Overview of Projects

Cancer Drug Design and Synthesis

Benzimidazoles have vast biological activity and medicinal utility. Our work involves the synthesis and design of novel di-substituted benzimidazoles and the evaluation of their therapeutic potential against cancers which disproportionately impact African Americans.  With this, a primary focus of the work is the elucidation of the structure-activity relationship of the molecules and the mechanism by which they inhibit the development and progression of cancers. The work utilizes methods related to computer-aided drug design and microwave assisted organic synthesis.

Funding for this work was received through the National Institute of Health/National Center on Minority Health and Health Disparities: Research Infrastructure in Minority Institutions Award No. 5p20md000215-07002 – Sub-project.  

Teaching and Learning in Chemistry

A number of pedagogical innovations are being utilized synergistically to develop a comprehensive model that leads to improved student performance in the major.  The project aims to produce novel tools and adopt proven methods for engaging students in the mastery of STEM concepts and promoting knowledge retention.  At the center of the project is cohort building, peer mentorship and tutoring, and blended classroom activities that should lead to improved student support system for success throughout the curriculum.  It is envisioned that students exposed to these interventions in the first and second year will develop learning strategies that translate into their success in upper level courses and their retention in the major.

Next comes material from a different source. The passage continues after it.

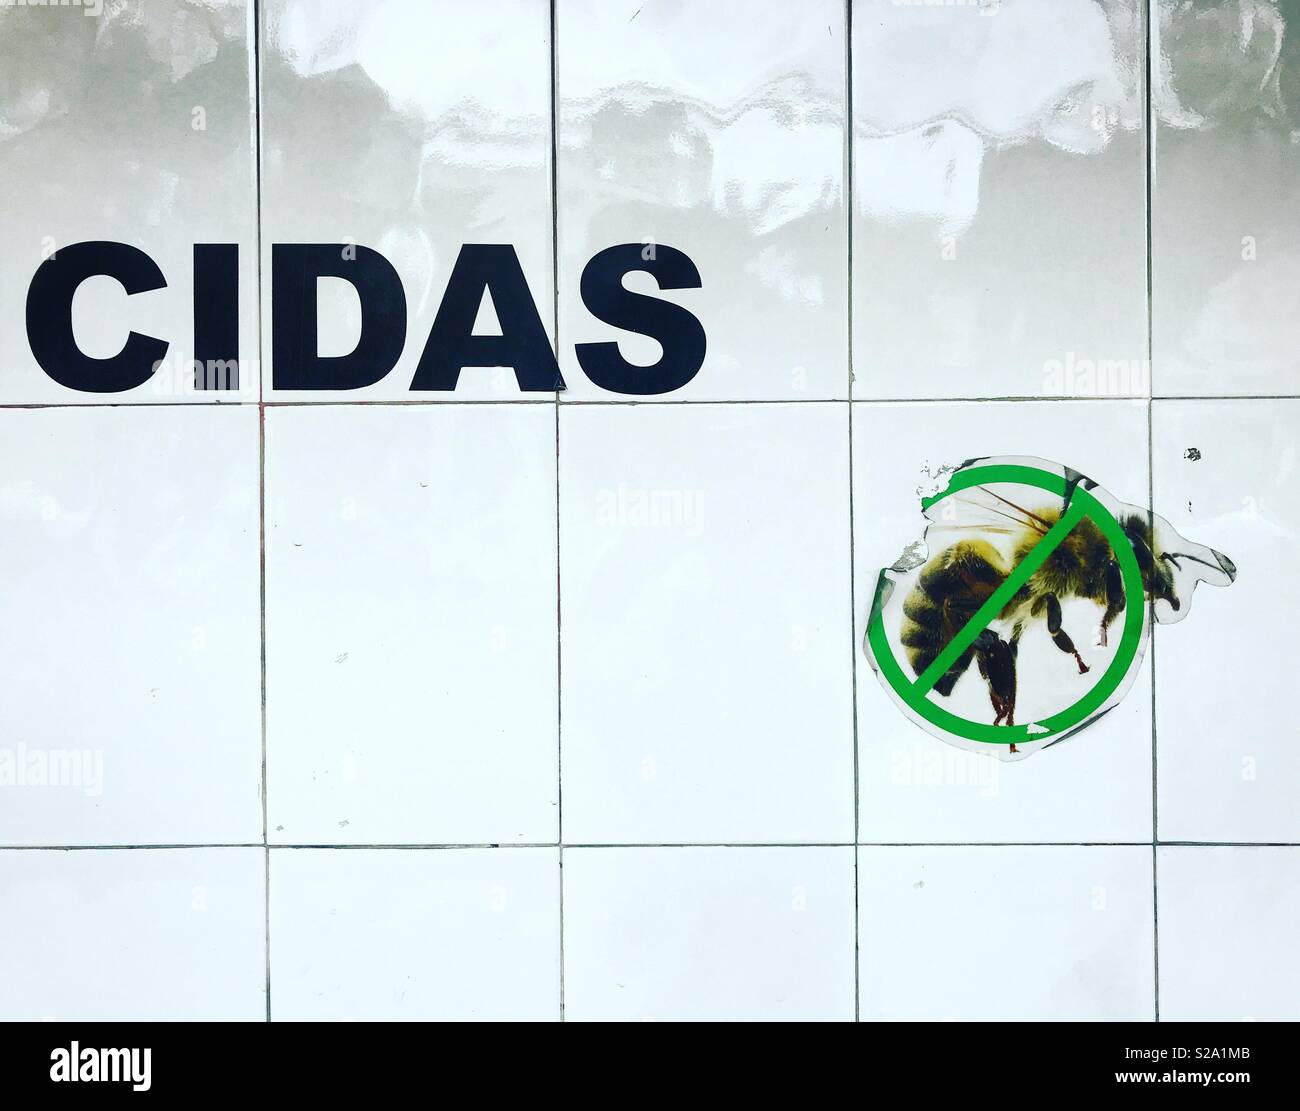 An advertising for killing honey bees pesticides in a poisons shop in Mexico City, Mexico. Cidas means “killers” or “deaths”. Stock Photo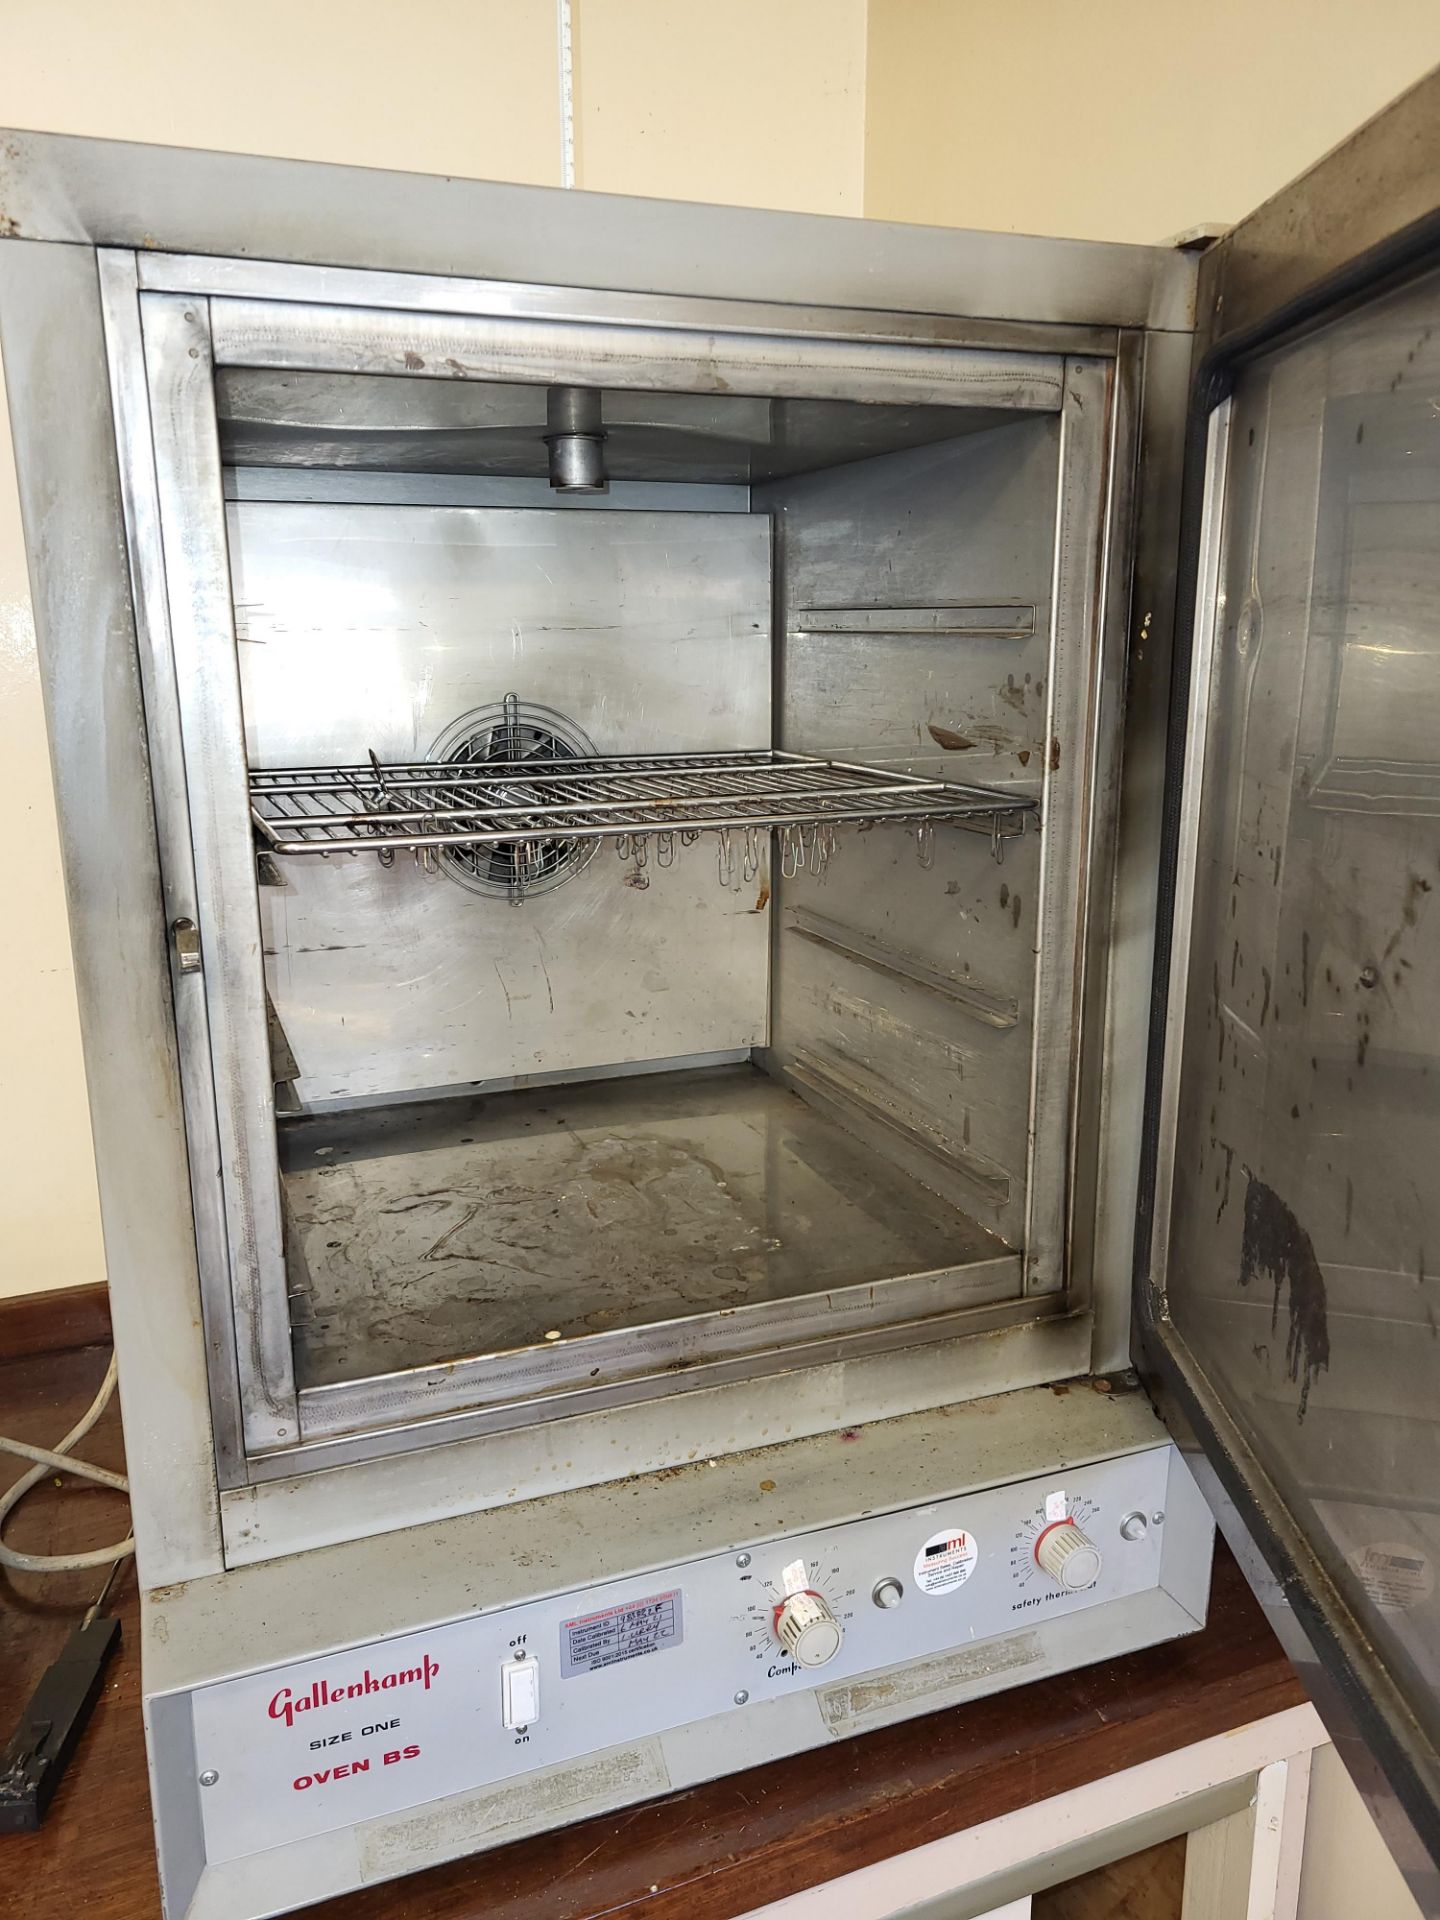 1 Gallenkamp One Size Oven BS. Cat No. OVH200010A - Image 3 of 3

In addition to the development of resources, the project seeks to further characterize Spelman’s success by documenting what is occurring in the STEM learning environment and leveraging this to provide culturally relevant insight into the development of curricular models that lead to improved performance of women and minorities in these areas.  This work will provide a better understanding of minority students as agents of their own success and Spelman’s learning environment as one which nurtures and encourages such agency.

Funding for this work was received through the National Science Foundation Historically Black Colleges and Universities Award No. HRD-1332575, the National Science Foundation and National Institute of Health Planning Grants for the NIH Building Infrastructure Leading to Diversity (BUILD) Initiative (P20) Award No. 1P20MD008719-01.